After playing in several school bands he formed his first real band in 1965,The Court Town Rhythm Kings. The band played authentic old jazz in the way of Oliver, Morton, early Armstrong, Williams, Beiderbecke and Half Way House.
The band broke up in 1972 due to moving members and Wik moved from The Hague to resettle in Amsterdam. There along with his brother they founded in 1973 as Madam Zenja and Her Jazz Horns in 1973, together with singer Zenja Damm, recording two albums, Changes and Was It A Dream. From 1974 to 1980 he was president of the oldest and famous Jazzclub in Holland, the Haarlemse Jazz Club. Many of the great American musicians who came to Europe and Amsterdam performed there.

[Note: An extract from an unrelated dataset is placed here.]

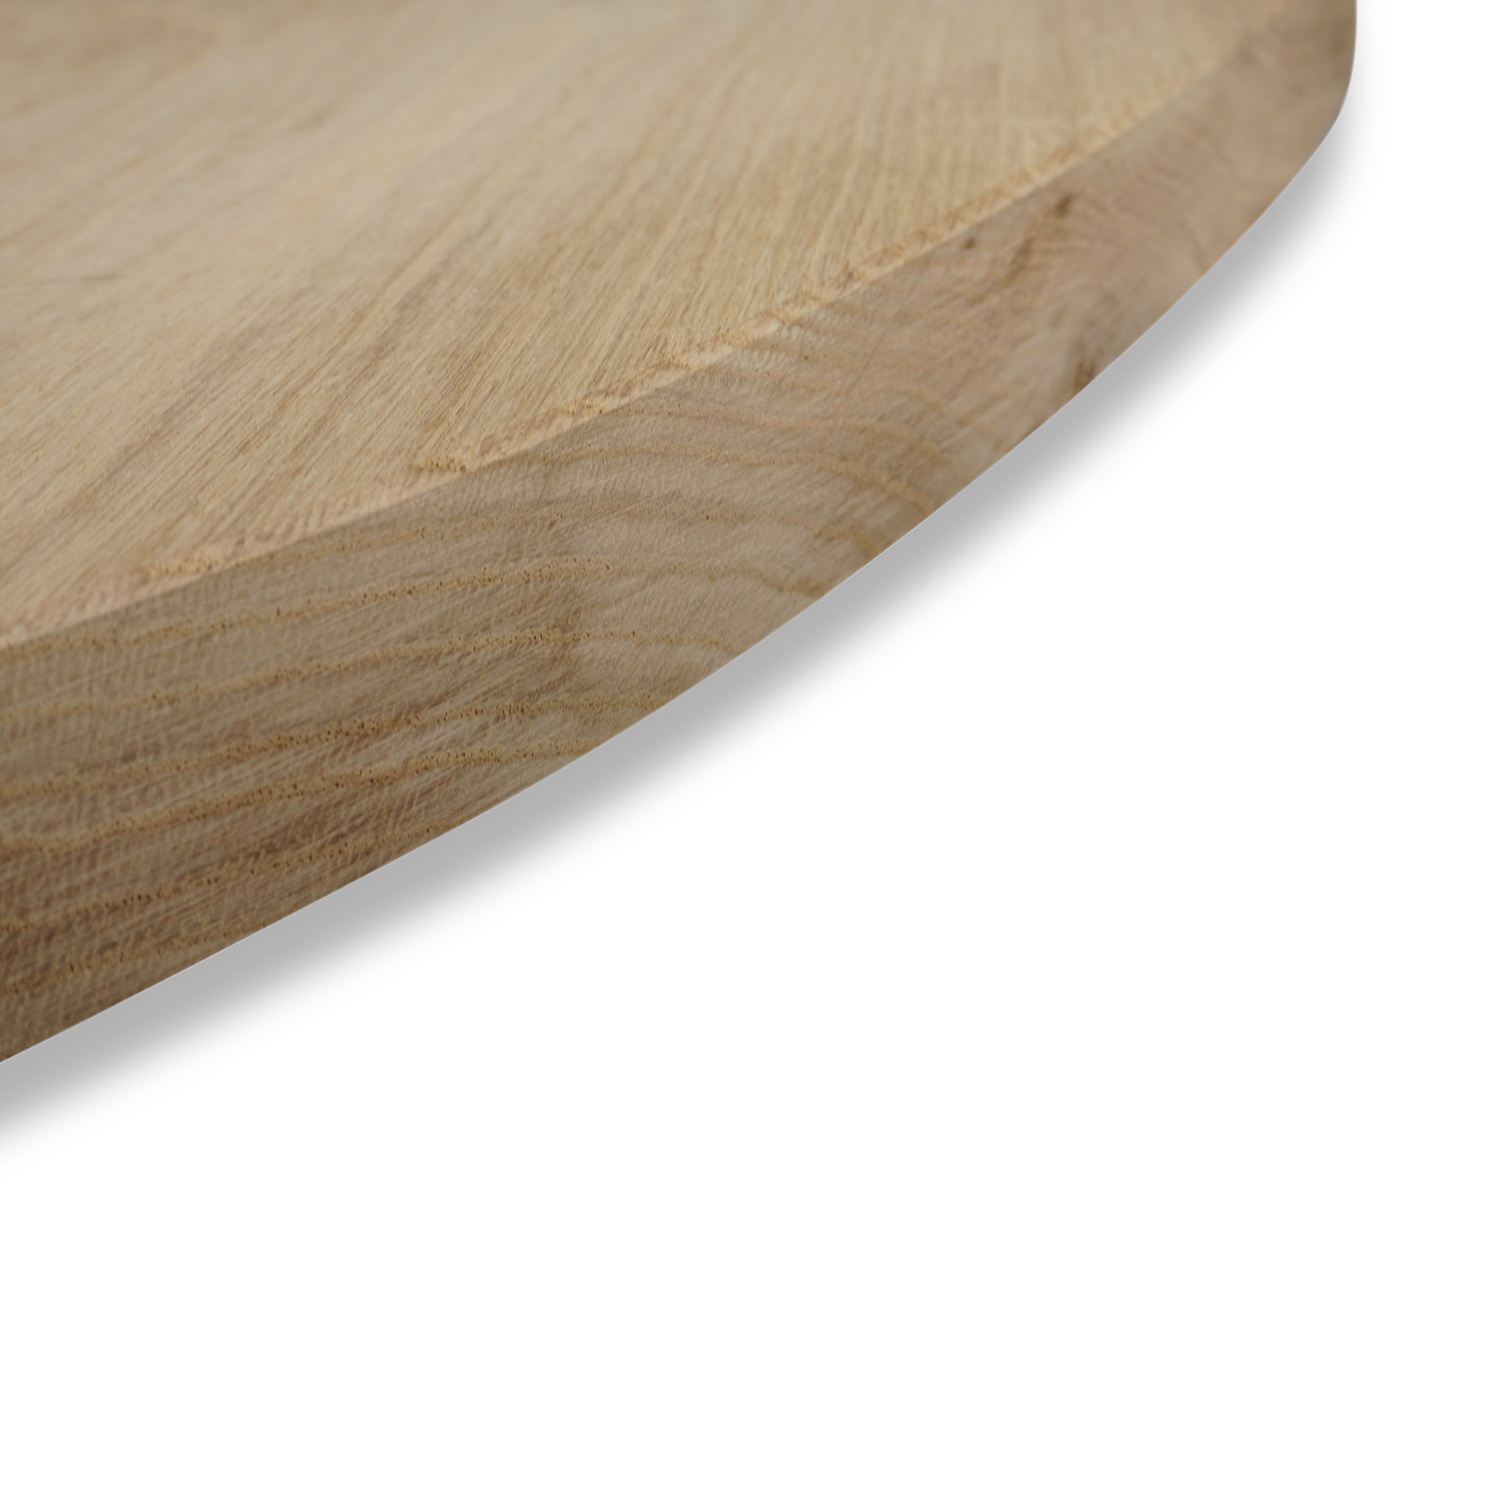  Tischplatte Eiche oval - 2,5 cm dick - Eichenholz A-Qualität - Ellipse Eiche Tischplatte massiv - HF 8-12%

Settling in the little village of Leiderdorp between Amsterdam and The Hague, he spent some time in advertising and public relations. He started the jazz club De Wagenschuur from 1984 to 1994 and a new band, Swingin’ Crash, that started as a little swing ensemble but grew within a year into a small big band.
He went on to write charts and arrangements for the band and well as compose, song texts and write a little booklet for special occasions like the 60th anniversary of the The Hague Jazz Club. Pianist Wik Horn retired but has continued to have a life filled with music, writing and painting.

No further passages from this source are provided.